Created Wednesday, Jun 9th 2021 15:51Z, last updated Wednesday, Jun 9th 2021 15:51Z
An American Airlines Boeing 757-200, registration N193AN performing flight AA-2341
(dep Mar 20th) from Miami,FL to Las Vegas,NV (USA) with 50 passengers and 8 crew, landed on Las Vegas' runway 26L at 00:30L (07:30Z) but struck its tail onto the runway surface. The aircraft rolled out without further incident.
The FAA reported the date and time of the occurrence as Mar 22nd 2020 04:50Z (Mar 21st 21:50), however, at this time N193AN was not flying nor was a flight AA-2341
operating. According to the FAA the aircraft received substantial damage when it experienced a tail strike on landing in Las Vegas, the occurrence was rated an accident.

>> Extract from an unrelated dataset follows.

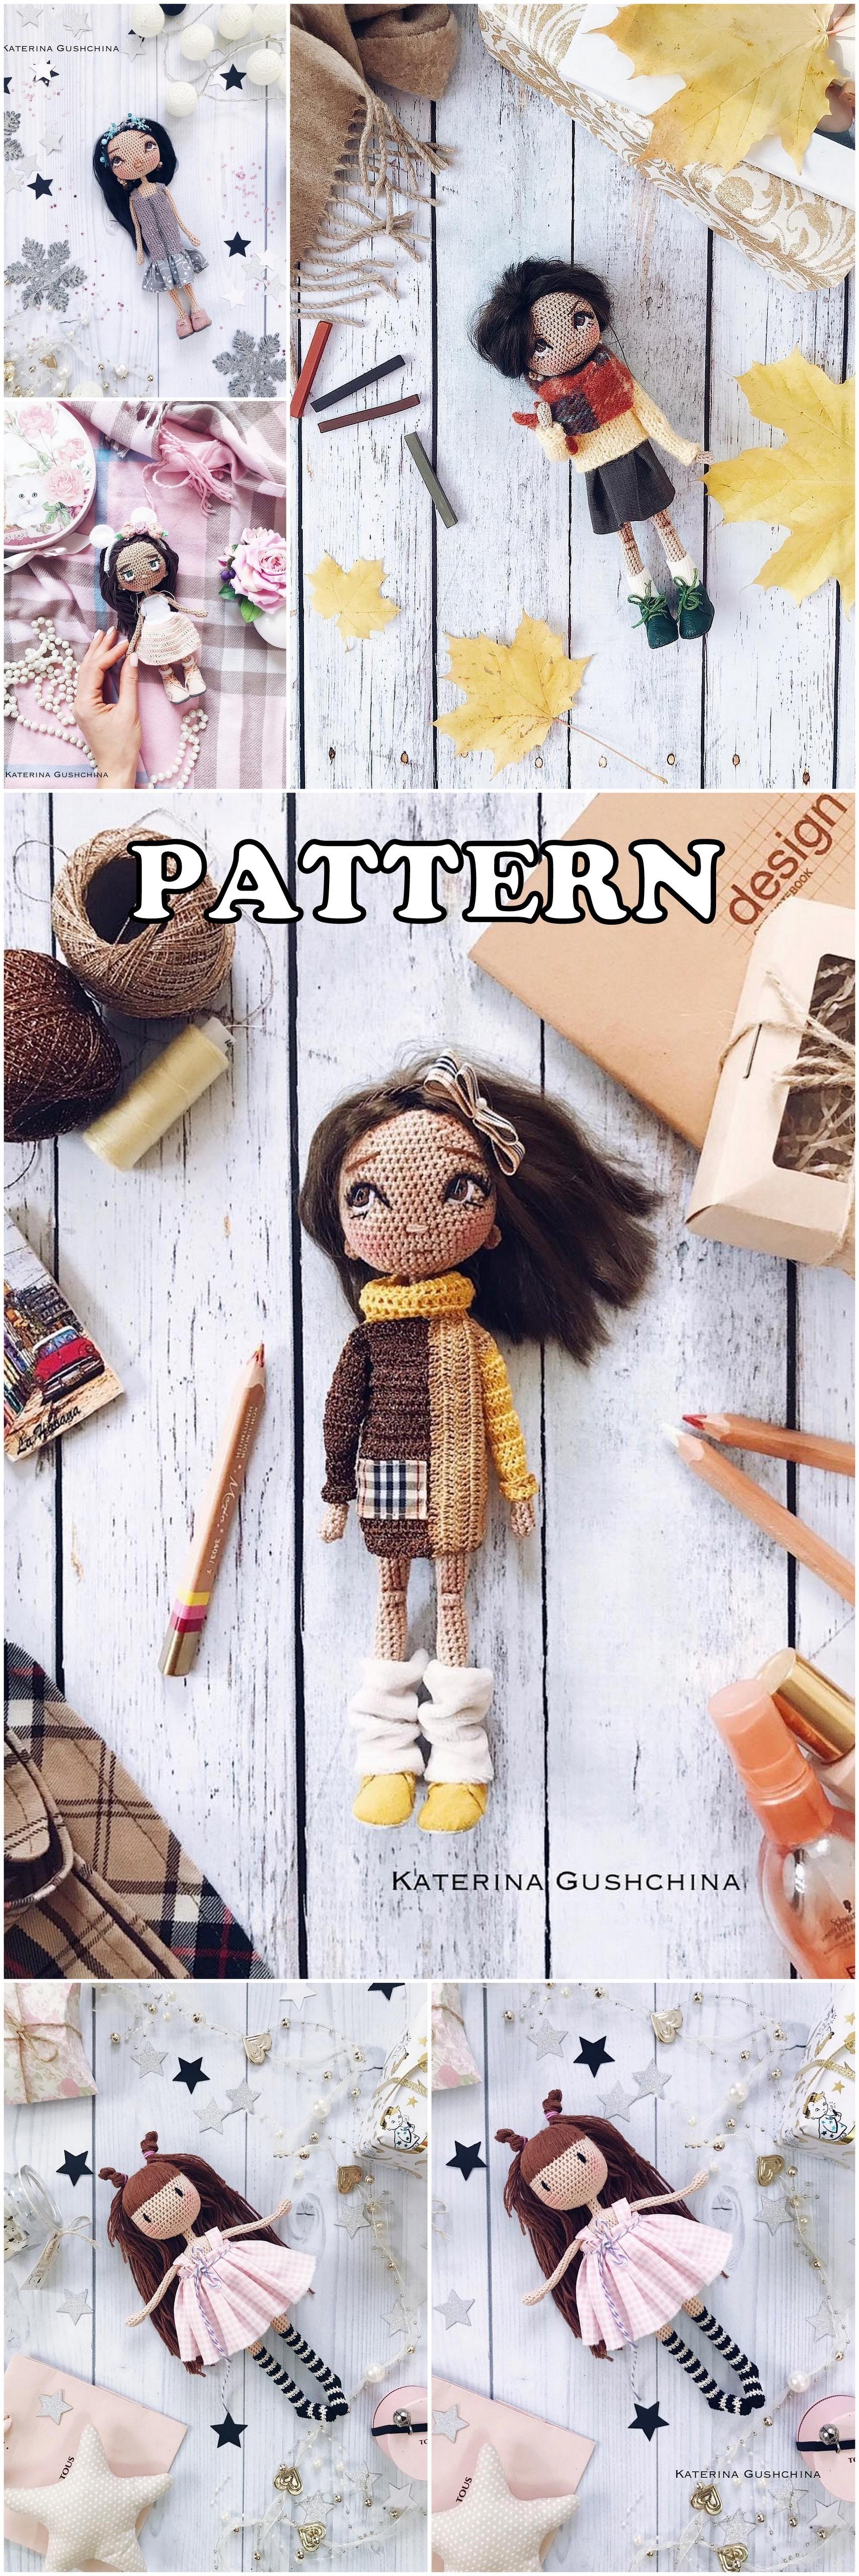 10 Top Best Amigurumi Doll Free Crochet Patterns in 2020 | Crochet ... | 5120x1707
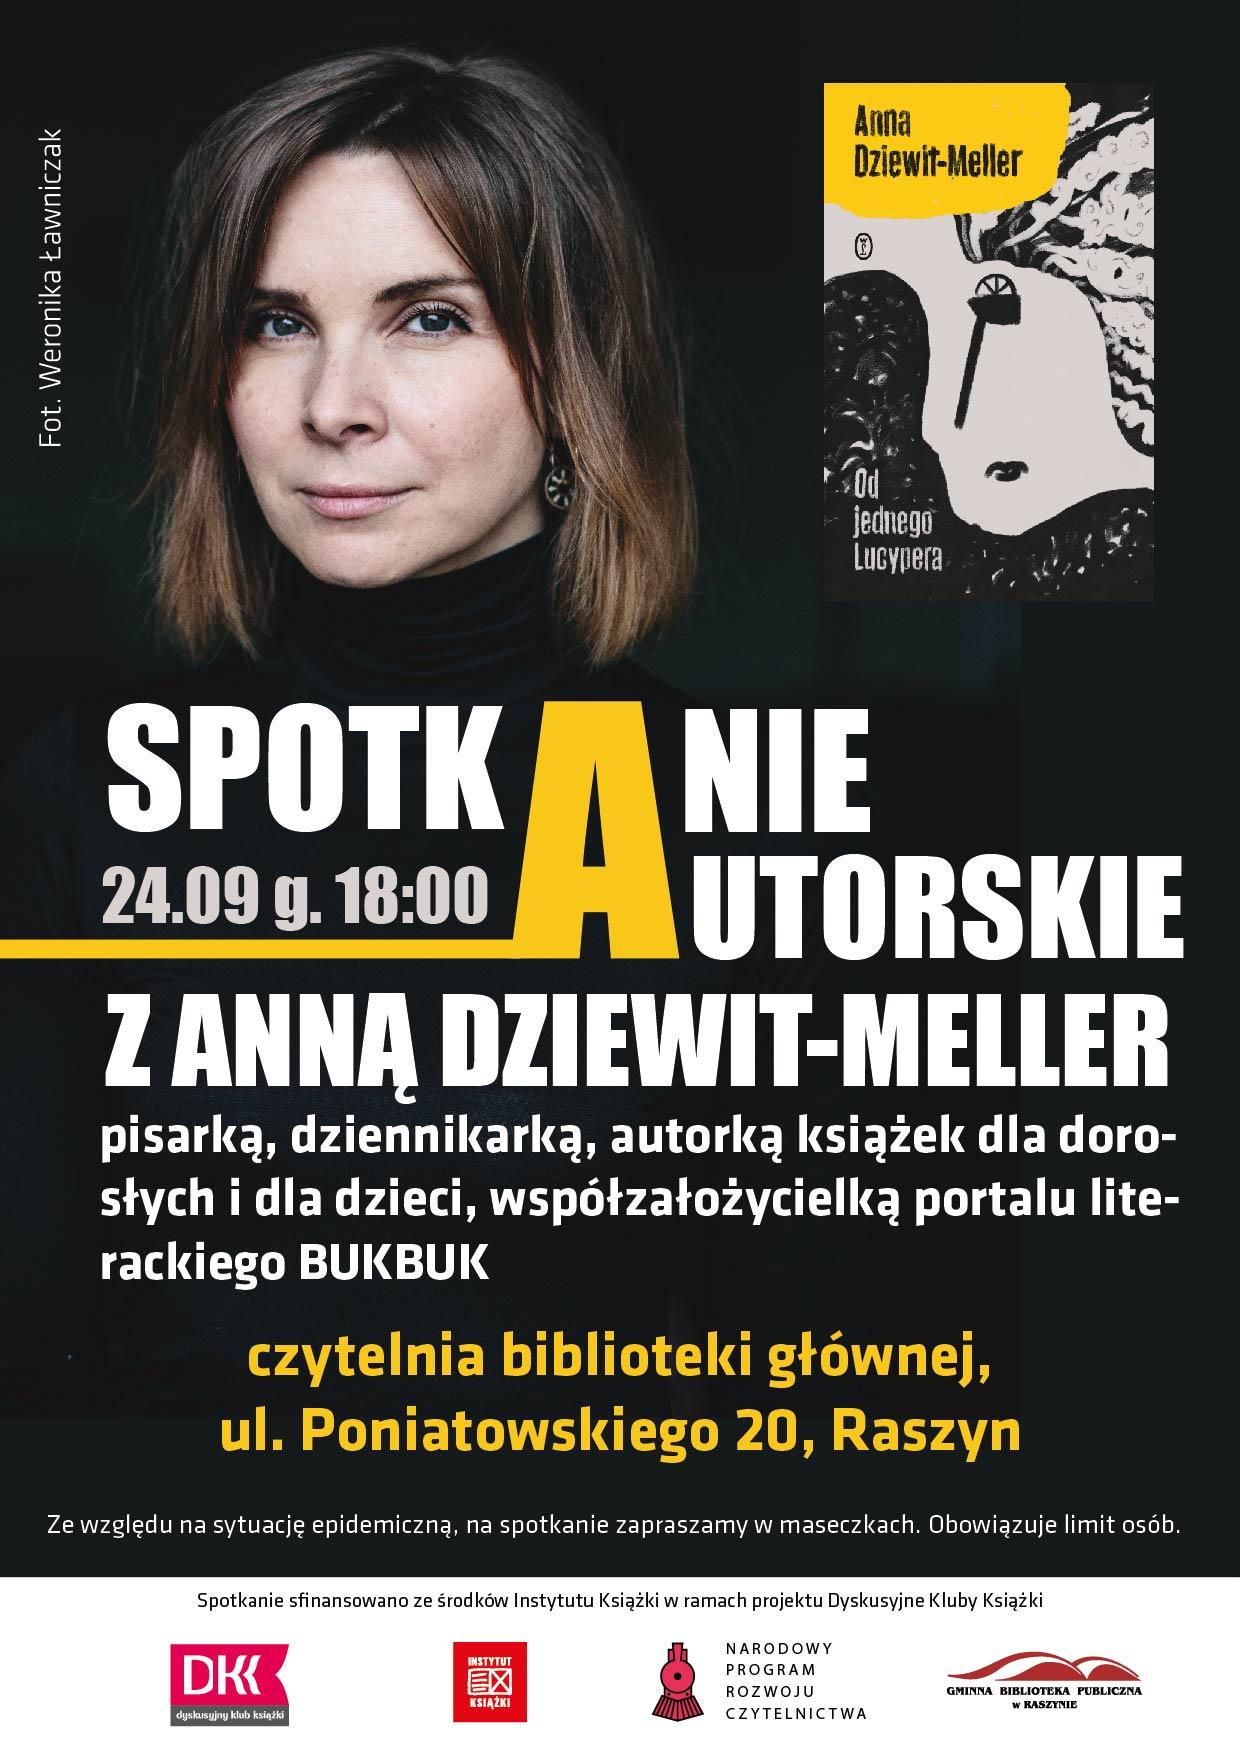 Spotkanie autorskie z Anną Dziewit-Meller - plakat

A number of flights assigned to the aircraft were cancelled in the following days, on Mar 25th 2020 the aircraft positioned from Las Vegas to Roswell,NM (USA) cruising at maximum FL250 and has not flown since landing in Roswell, standing Jun 9th 2021 (editorial note: other American Boeing 757-200s also positioned to Roswell in the following days obviously for long term parking).
On Jun 9th 2021 the NTSB released their final report concluding the probable cause of the accident was:
the excessive pitch attitude at touchdown.
The NTSB analysed:
Due to staffing issues related to COVID-19, Las Vegas tower and TRACON were at ATC-zero, and the arrival was handled by Los Angeles Air Route Traffic Control Center (ZLA). The captain was the flying pilot and the first officer was monitoring.
According to the flight crew, the flight was cleared for a visual approach and they monitored the ILS 26L as a backup. The flight crew reported that the winds were from 040 degrees at 8 knots (slight tailwind), visibility greater than ten miles, and a thin layer of broken clouds at 17,000 feet. The captain conducted an approach briefing and the first officer conducted a Landing Distance Assessment to account for the slight tailwind. The first officer reported the approach was normal and stabilized, and they encountered a slight downdraft in the flare. The captain disconnected the autopilot at about 400 feet above the ground and the autothrottle at 200 feet. Flight data recorder data indicated that the pitch attitude was about 7 degrees at touchdown but, as the ground spoilers deployed, pitch attitude increased to 10.9 degrees. There was a 3 to 5 knot crosswind at touchdown.
Post-flight inspection of the airplane indicated the underside of the rear fuselage struck the runway, resulting in damage to the skin, frames, and aft pressure bulkhead.